Dataset:

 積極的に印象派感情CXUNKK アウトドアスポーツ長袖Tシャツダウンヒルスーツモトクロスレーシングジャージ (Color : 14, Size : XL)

...

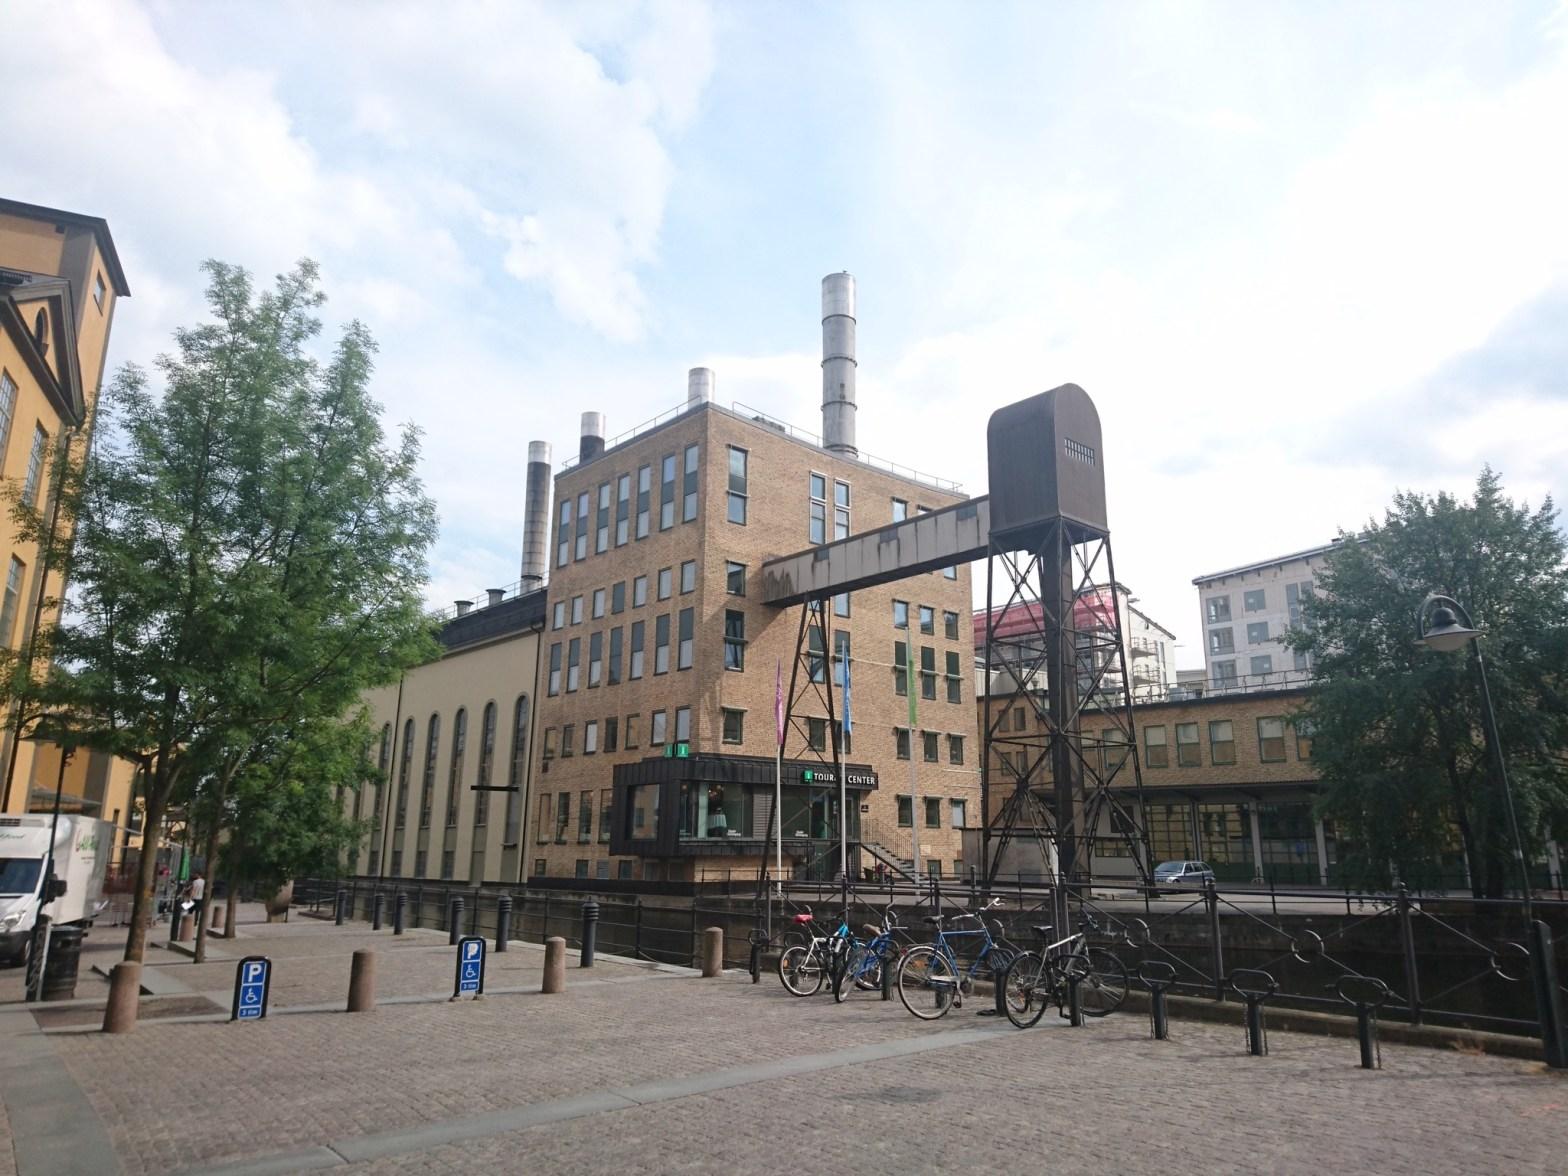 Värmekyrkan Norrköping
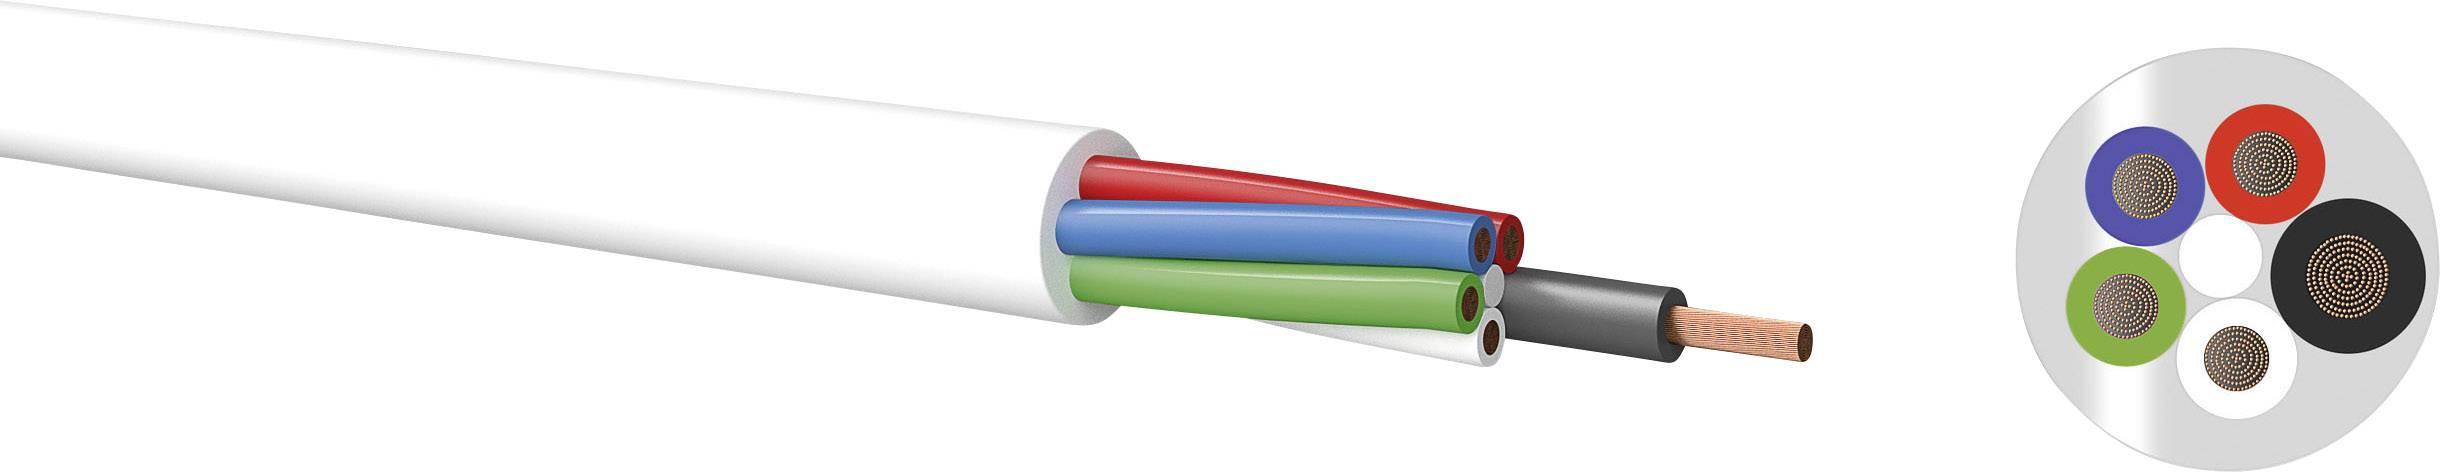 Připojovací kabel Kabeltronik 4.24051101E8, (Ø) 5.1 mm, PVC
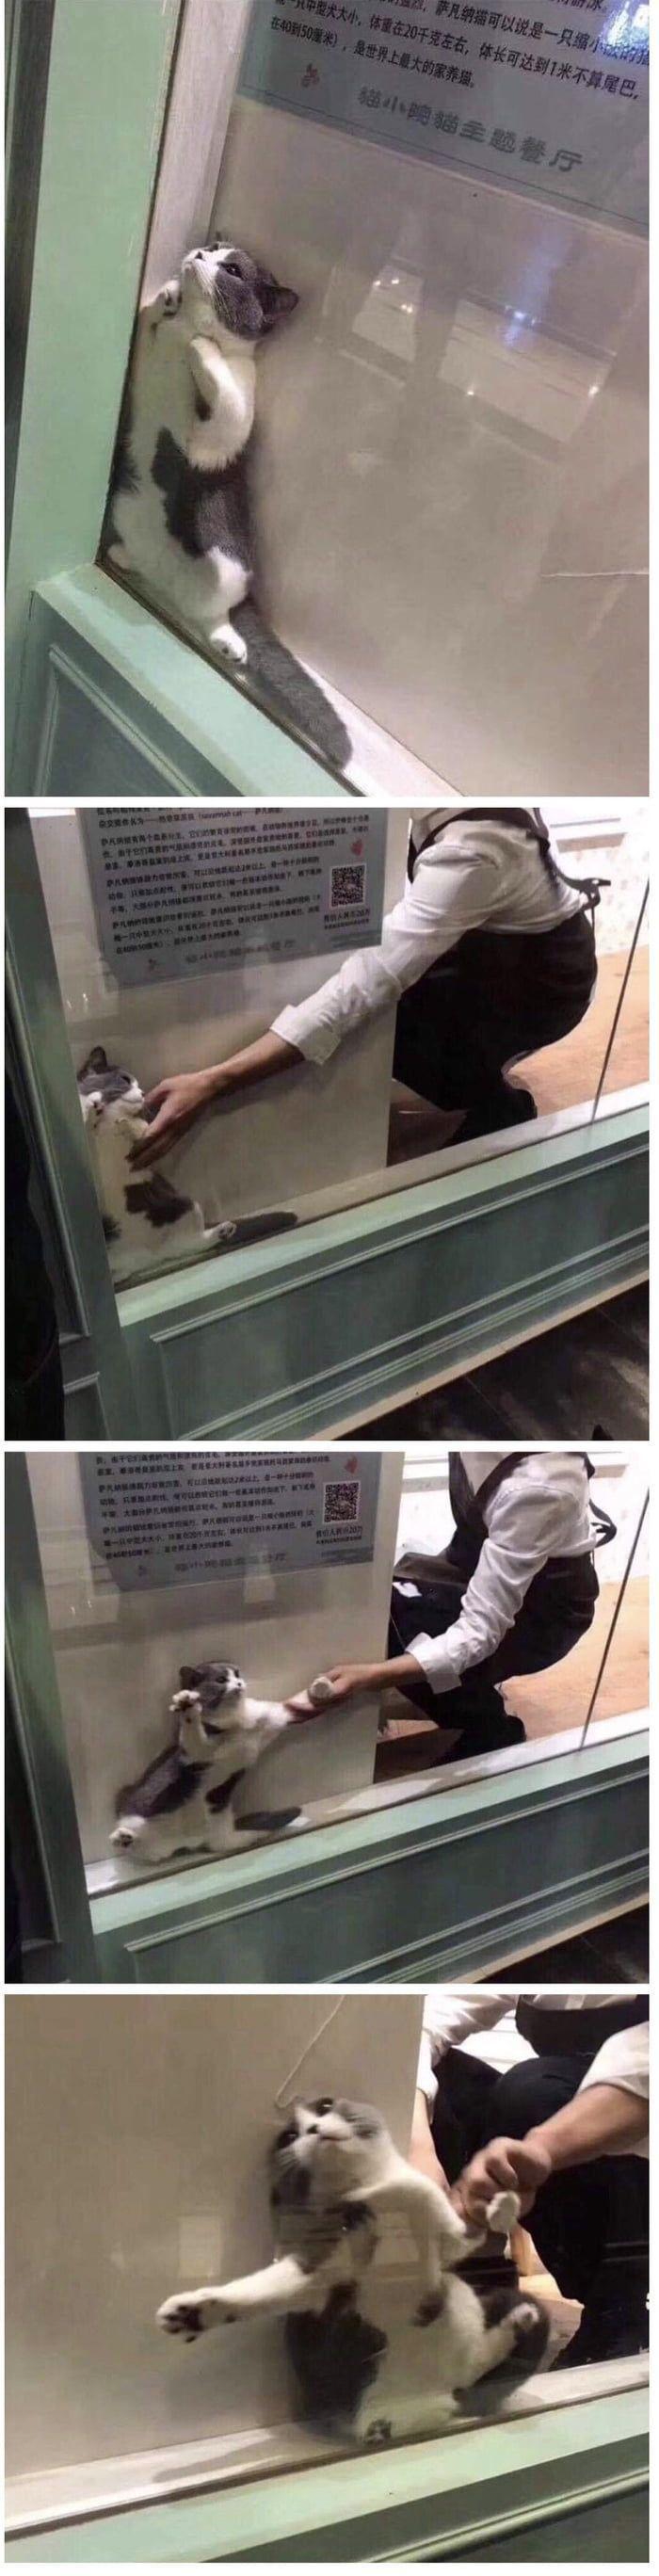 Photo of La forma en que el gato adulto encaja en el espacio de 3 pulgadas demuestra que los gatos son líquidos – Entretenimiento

Exercise description: Could you output exactly the lines above, from the line with "Připojovací kabel Kabeltronik" up to and including the line with "Photo of La", and nothing else, skipping the pictures?

Answer to this problem:
 Připojovací kabel Kabeltronik 4.24051101E8, (Ø) 5.1 mm, PVC
 Photo of La forma en que el gato adulto encaja en el espacio de 3 pulgadas demuestra que los gatos son líquidos – Entretenimiento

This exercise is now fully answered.